▶ [Provided data]:
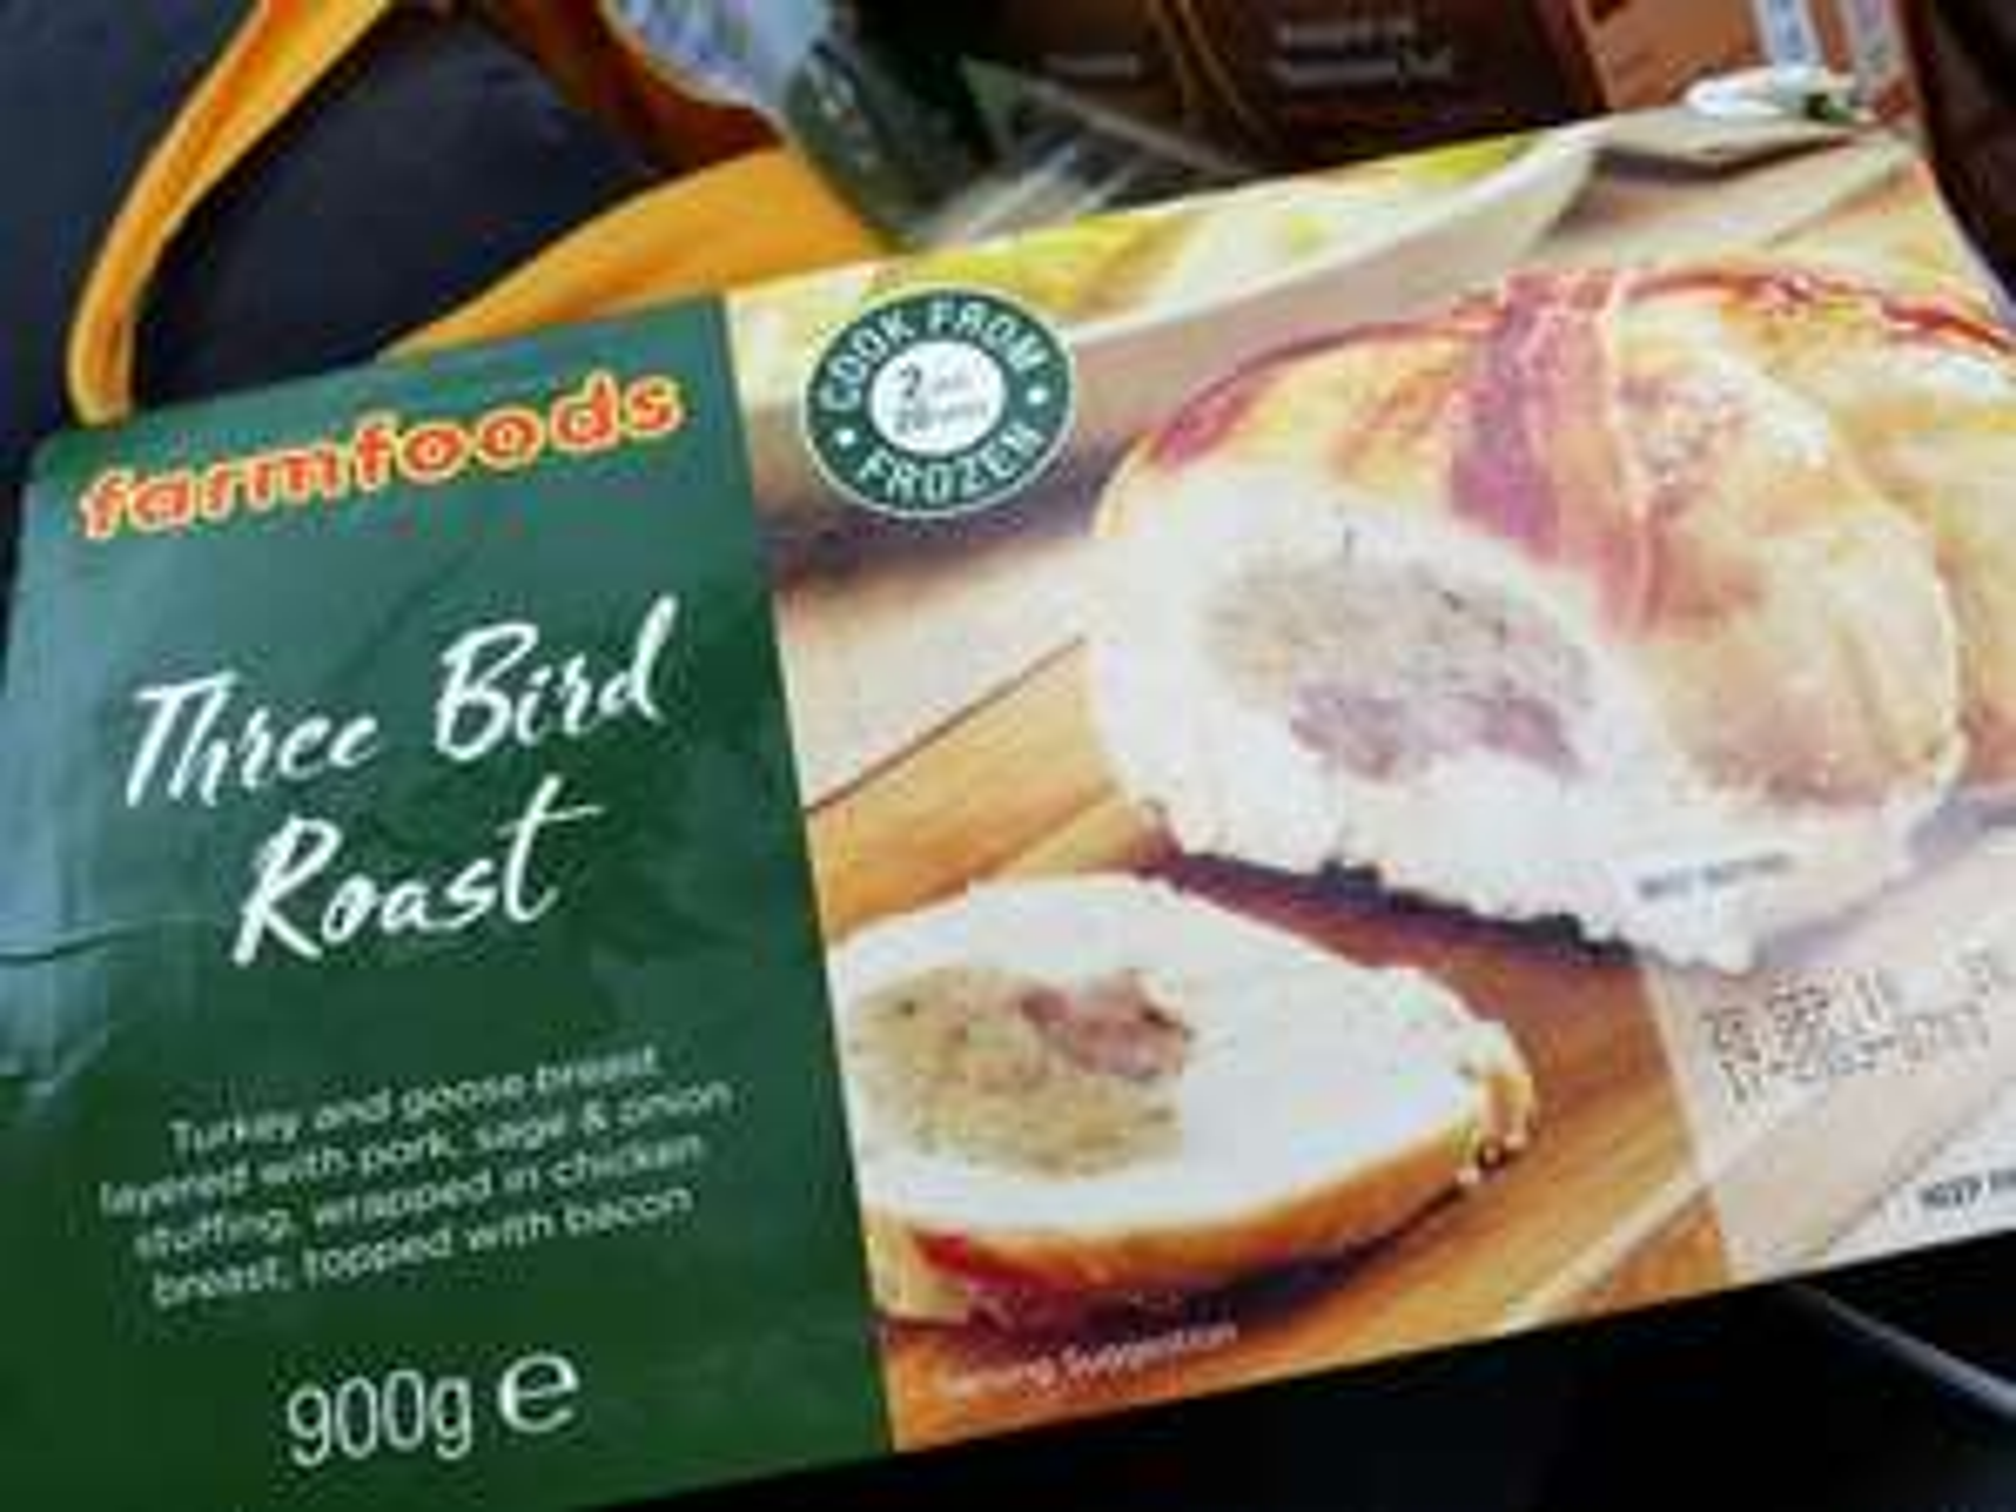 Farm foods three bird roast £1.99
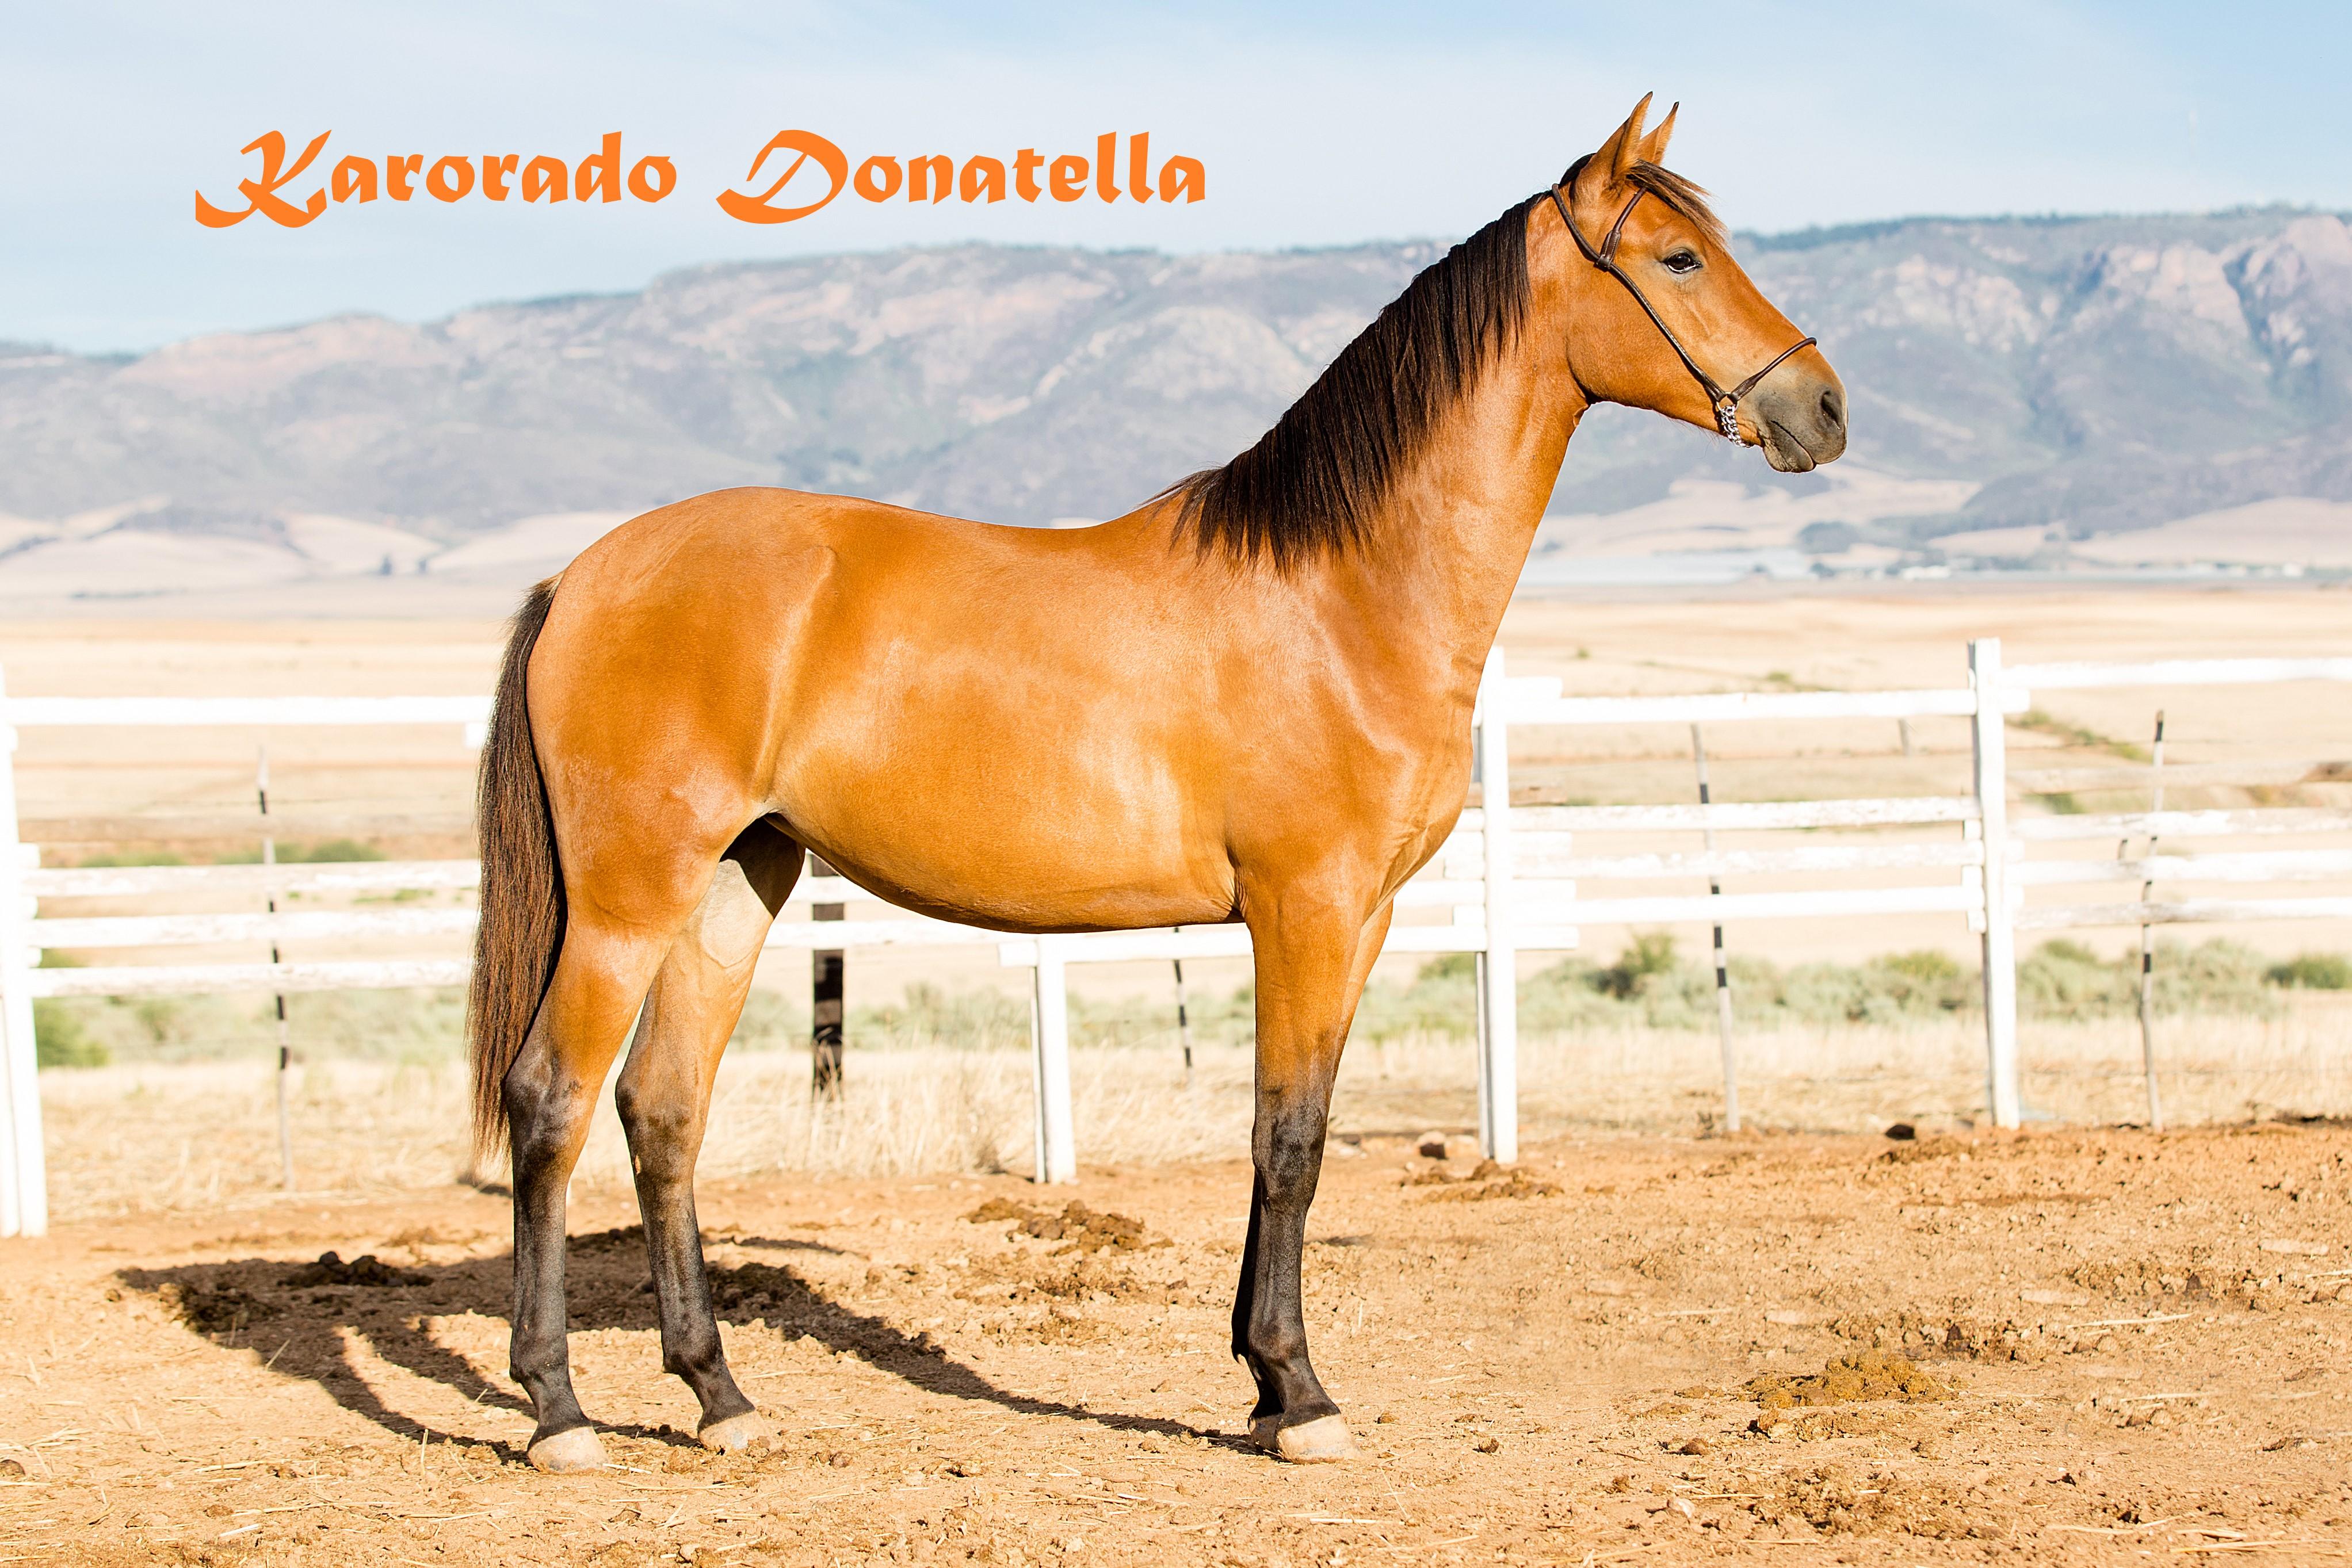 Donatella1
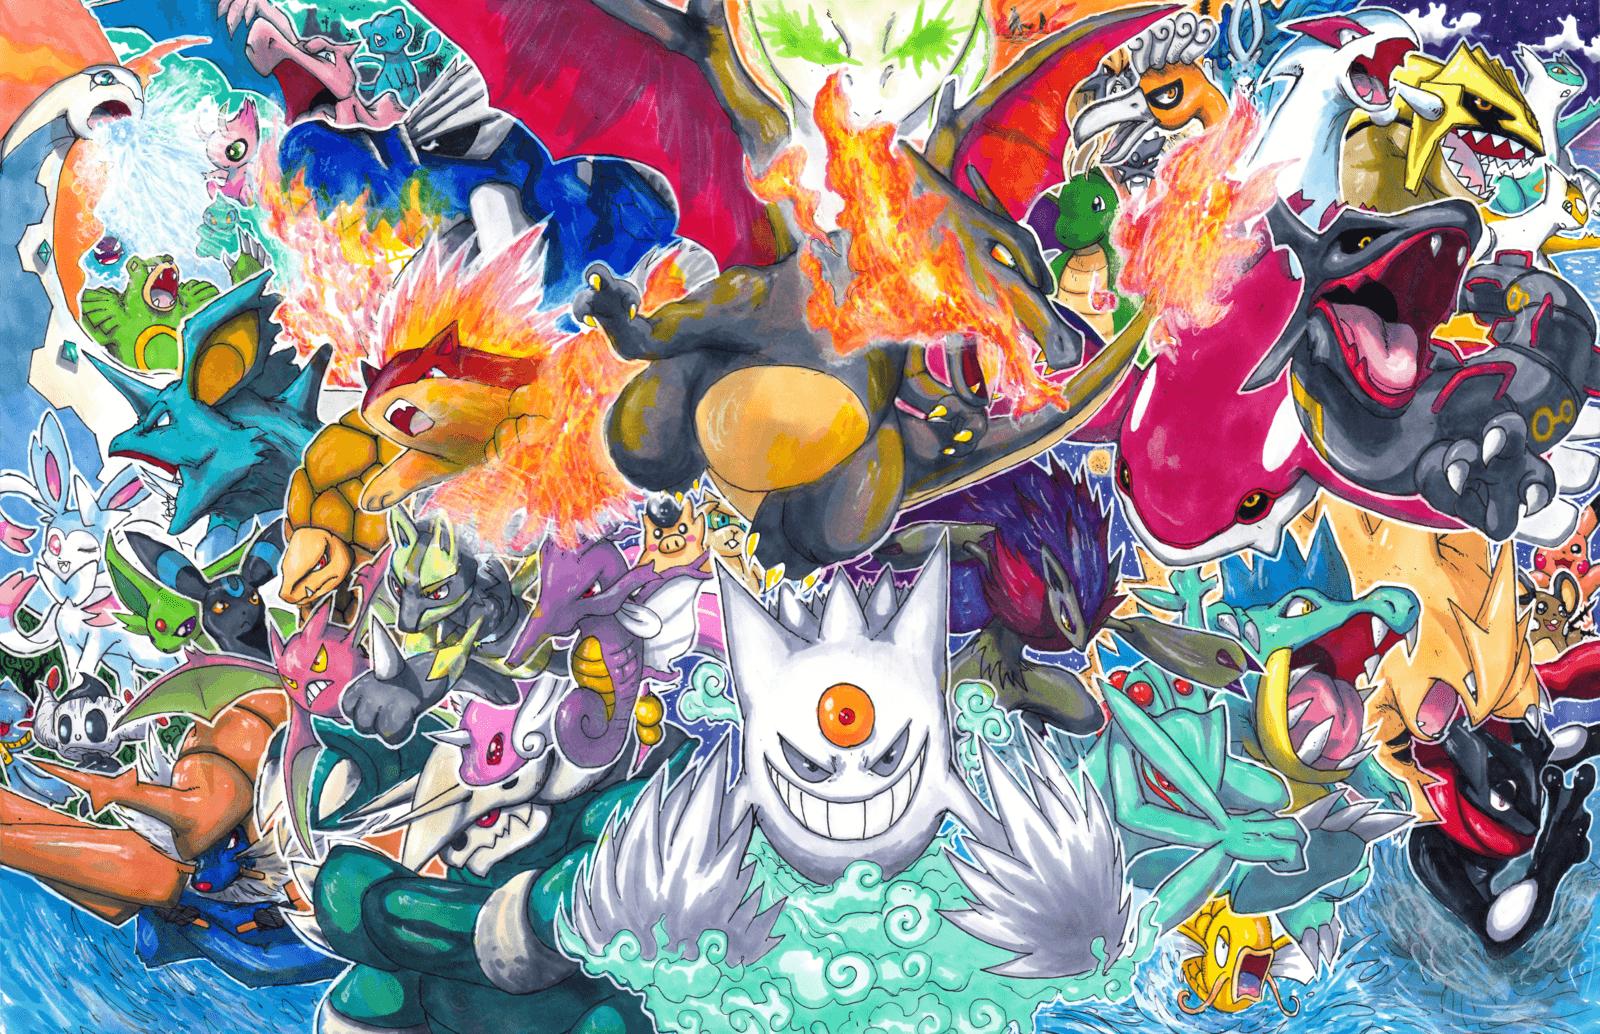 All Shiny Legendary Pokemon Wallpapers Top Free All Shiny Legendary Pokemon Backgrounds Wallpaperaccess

▶ [What is required]: Return the listing above in full and unaltered. Keep the pictures out.

▶ [Result of this task]:
 Farm foods three bird roast £1.99
 Donatella1
 All Shiny Legendary Pokemon Wallpapers Top Free All Shiny Legendary Pokemon Backgrounds Wallpaperaccess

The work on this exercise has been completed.